Anshu Dubey dubey at flash.uchicago.edu
Mon Feb 23 11:06:43 EST 2009


Are you running the problem in 3D ? If so, and you haven't reduced the
lrefine_max,
you might be running out of memory. All of the aborts in FLASH call
MPI_Abort, so
that is the expected behavior.
Anshu

On Mon, Feb 23, 2009 at 9:56 AM, Elliot Parkin <phy1erp at leeds.ac.uk> wrote:
> Dear flash-users,
>
> I've been attempting to run the Sedov test case and I've been getting some
> errors when I try different things. I've listed the problems below:
>
> 1) When running the Sedov test case on 1 processor the run terminates with
> the following error:
>
>  Driver_abort called.
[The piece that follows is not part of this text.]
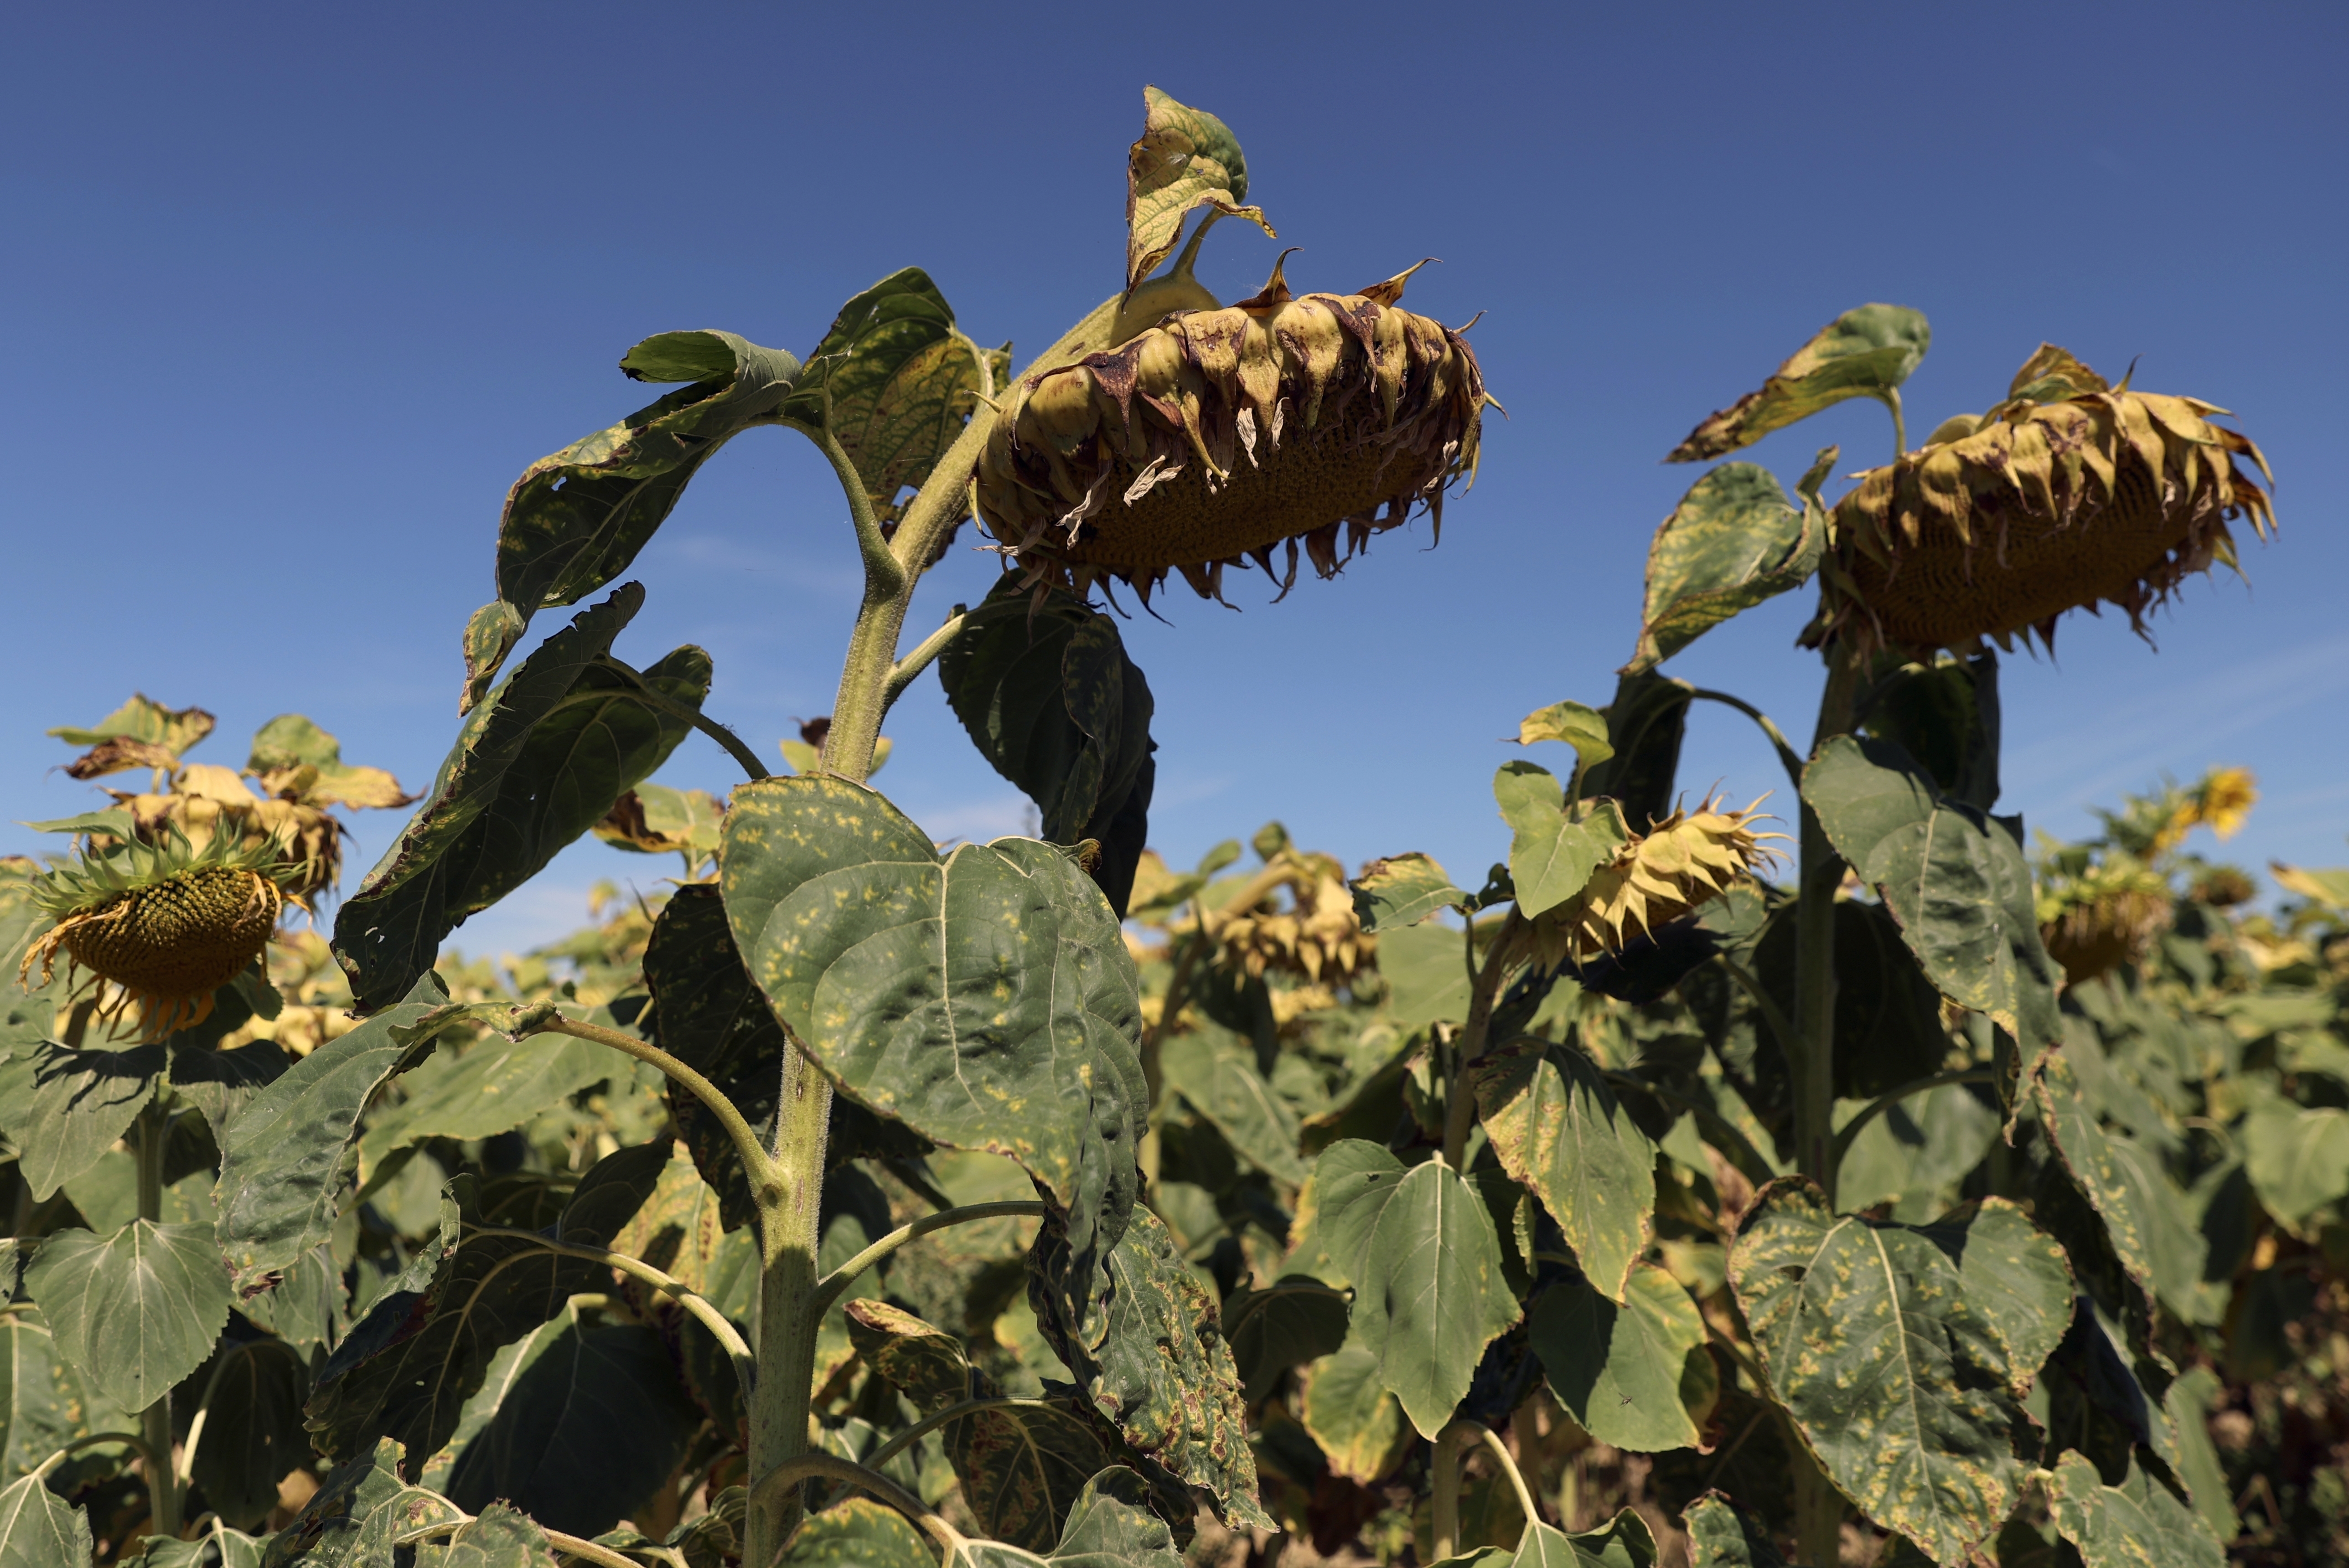 Sunflowers suffer from lack of water, as Europe is under an unusually extreme heat wave, in Ury, south of Paris, France, Aug. 8, 2022

See log file for details.
>  Error message is tmr_buildSummary: ran out of space building summary
>  Calling MPI_Abort() for immediate shutdown!
>
> ... should the run terminate with an MPI_Abort? The run reaches the desired
> end-time, but I would have thought it would end neatly rather than hitting
> an abort.
>
> 2) When running the Sedov case with tmax changed to 1.0 (from 0.05) I get
> the following error:
>
>
> HDF5-DIAG: Error detected in HDF5 library version: 1.6.5 thread 0.  Back
> trace follows.
>  #000: H5Dio.c line 587 in H5Dwrite(): can't write data
>    major(15): Dataset interface
>    minor(25): Write failed
>  #001: H5Dio.c line 953 in H5D_write(): can't write data
>    major(15): Dataset interface
>    minor(25): Write failed
>  #002: H5Dio.c line 1324 in H5D_contig_write(): optimized write failed
>    major(15): Dataset interface
>    minor(25): Write failed
>  #003: H5Dselect.c line 654 in H5D_select_write(): write error
>    major(14): Dataspace interface
>    minor(25): Write failed
>  #004: H5Dcontig.c line 739 in H5D_contig_writevv(): block write failed
>    major(05): Low-level I/O layer
>    minor(25): Write failed
>  #005: H5F.c line 3338 in H5F_block_write(): file write failed
>    major(05): Low-level I/O layer
>    minor(25): Write failed
>  #006: H5FD.c line 3486 in H5FD_write(): driver write request failed
>    major(22): Virtual File Layer
>    minor(25): Write failed
>  #007: H5FDsec2.c line 804 in H5FD_sec2_write(): file write failed
>    major(05): Low-level I/O layer
>    minor(25): Write failed
>
>
> ... I suspect this is a problem with my version of HDF5 (I'm using
> HDF5-1.6.5)?
>
> 3) If I attempt to use 2 processors (i.e. mpiexec -n 2 ./flash3):
>
> HDF5-DIAG: Error detected in HDF5 library version: 1.6.5 thread 0.  Back
> trace follows.
>  #000: H5S.c line 1584 in H5Screate_simple(): zero sized dimension for
> non-unlimited dimension
>    major(01): Function arguments
>    minor(05): Bad value
> HDF5-DIAG: Error detected in HDF5 library version: 1.6.5 thread 0.  Back
> trace follows.
>  #000: H5Dio.c line 561 in H5Dwrite(): not a data space
>    major(01): Function arguments
>    minor(03): Inappropriate type
>
> ... and this error repeats everytime that output of an HDF file is
> attempted. Again I suspect this may be my version of HDF5.
>
> 4) If I attempt to use 4 processors (i.e. mpiexec -n 4 ./flash3):
>
>
> *** glibc detected *** ./flash3: double free or corruption (out):
> 0x0000000019893fd0 ***
> ======= Backtrace: =========
> *** glibc detected *** ./flash3: free(): invalid next size (normal):
> 0x000000000d7f5d70 ***
> ======= Backtrace: =========
> /lib64/libc.so.6[0x3d9086f4f4]
> /lib64/libc.so.6(cfree+0x8c)[0x3d90872b1c]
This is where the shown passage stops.